5. ¿Hasta qué punto es un problema pastoral que las parejas se casen con personalidad adolescente y con un amor romántico?
La realidad del sujeto emotivo es la causa de la duración excesiva de la adolescencia en nuestra sociedad occidental. Se ha llegado al caso que las personas llegan al matrimonio con una mentalidad adolescente que no se hace cargo de las verdaderas dificultades de la vida común.
Esta fragilidad se agrava por la interpretación romántica del amor entre el hombre y la mujer que impide ver la fuente verdadera del amor esponsal.
La conjunción de las dos realidades debilita mucho las parejas para poder construir una vida en común según el plan de Dios.
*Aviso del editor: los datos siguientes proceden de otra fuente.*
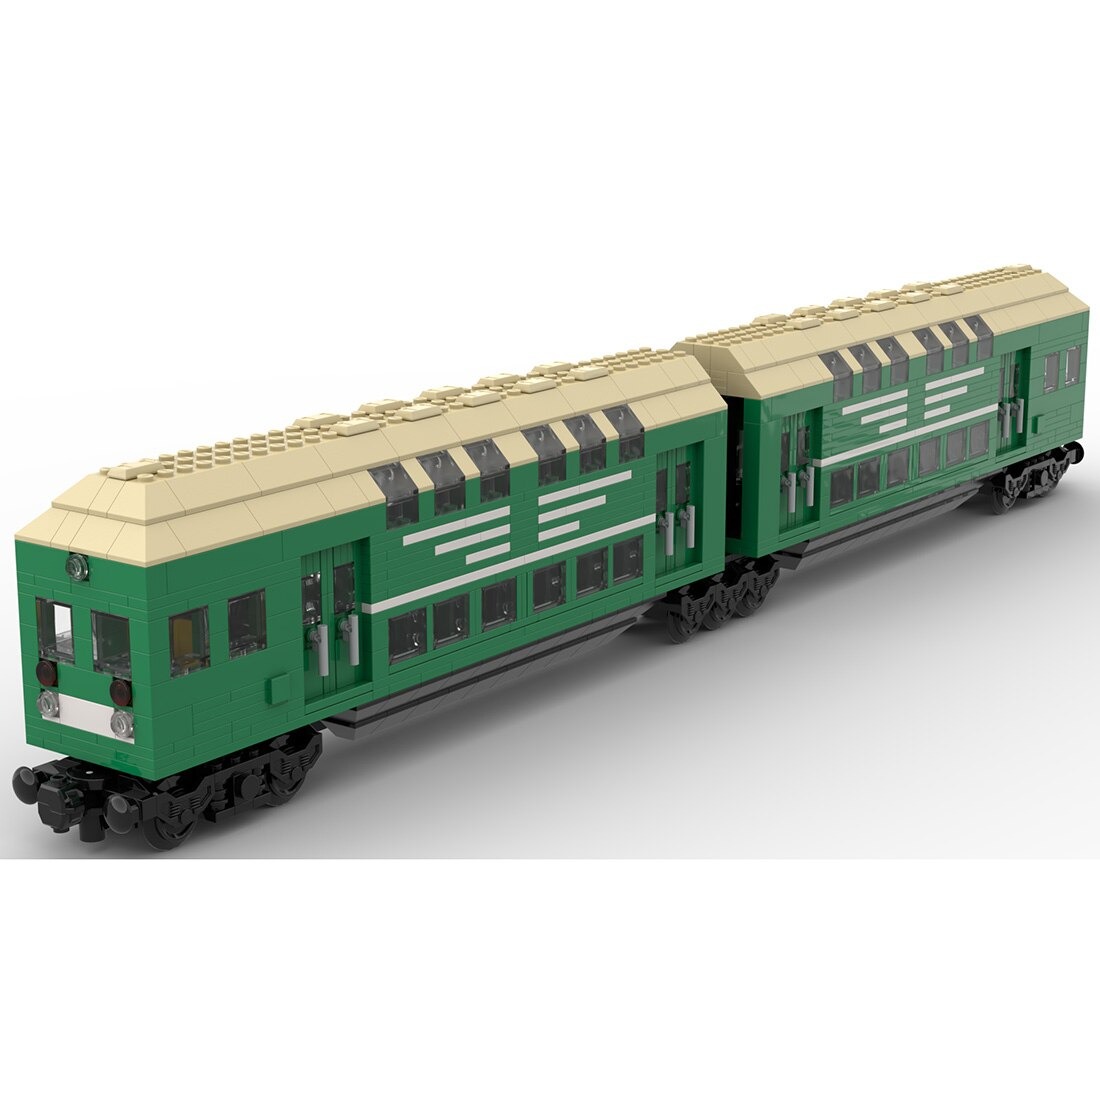 authorized moc 109281 7 axle train carri main 5 2 - CADA Block
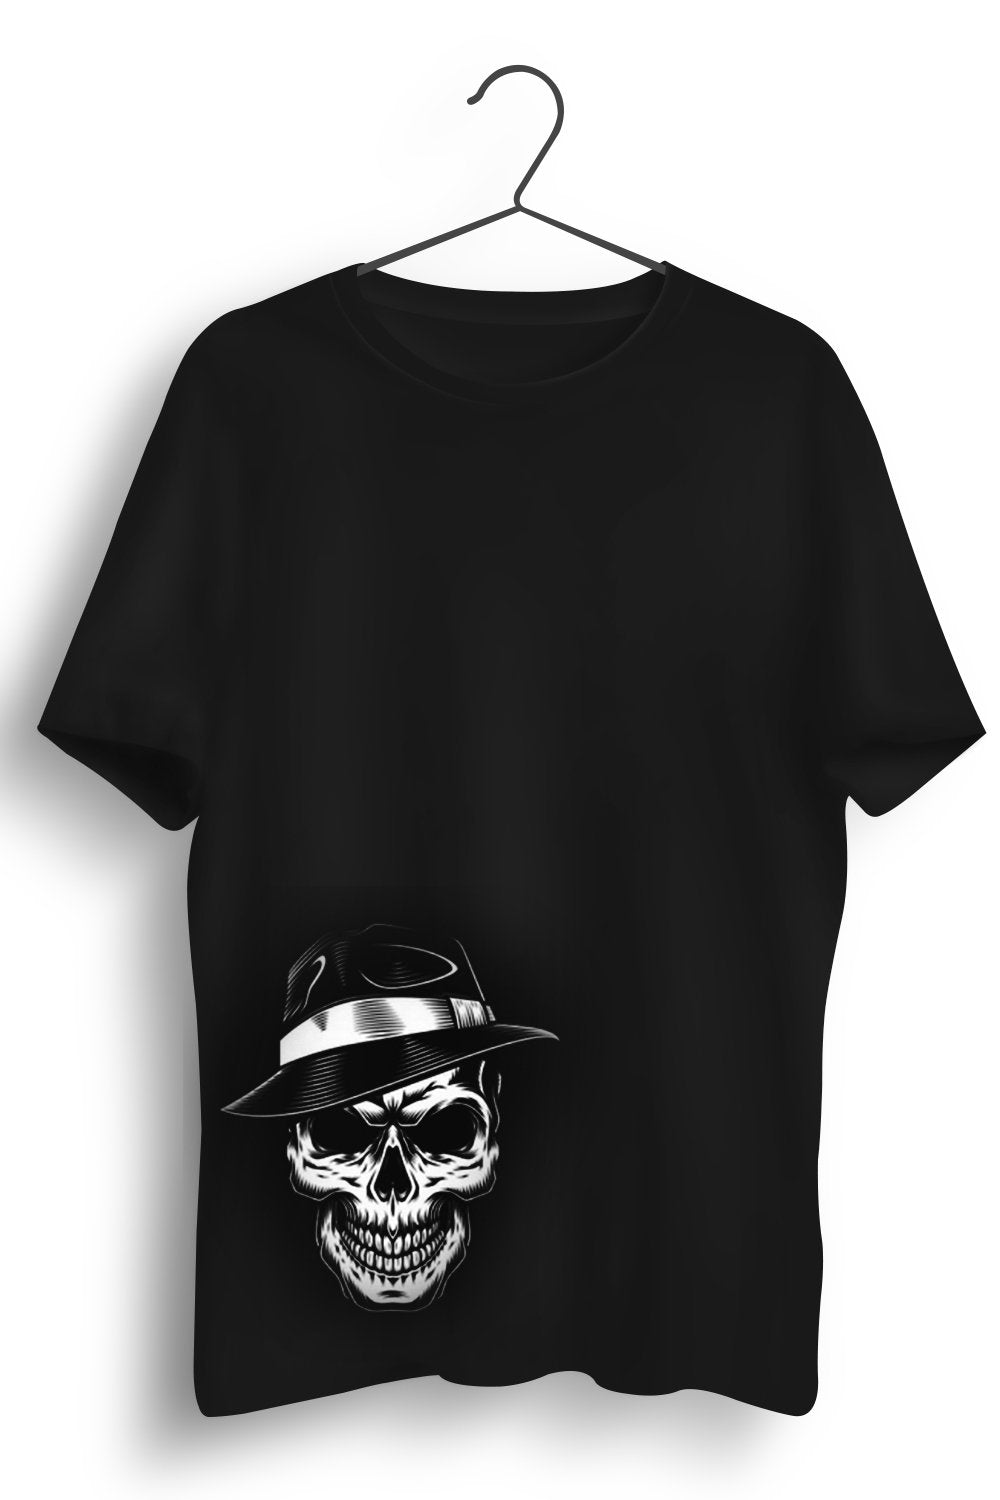 Skull Gangster Asymmetric Printed Black Tshirt

Construyen su vida en la arena y quedan expuestas a las circunstancias externas que en muchas ocasiones son contrarias.
Superar estas carencias es una tarea que requiere un seguimiento pastoral, no basta con un cursillo de preparación. Cuando esto no se da, lo que la Iglesia ha de ofrecer es un acompañamiento posterior en los problemas, sabiendo que a las parejas actuales les cuesta mucho pedir ayuda. Nos ha de hacer pensar cómo tantos matrimonios perciben la Iglesia como lejana a sus problemas reales, precisamente cuando pastoralmente es más urgente afrontarlos.
6. ¿Por qué el amor romántico es contrario al matrimonio?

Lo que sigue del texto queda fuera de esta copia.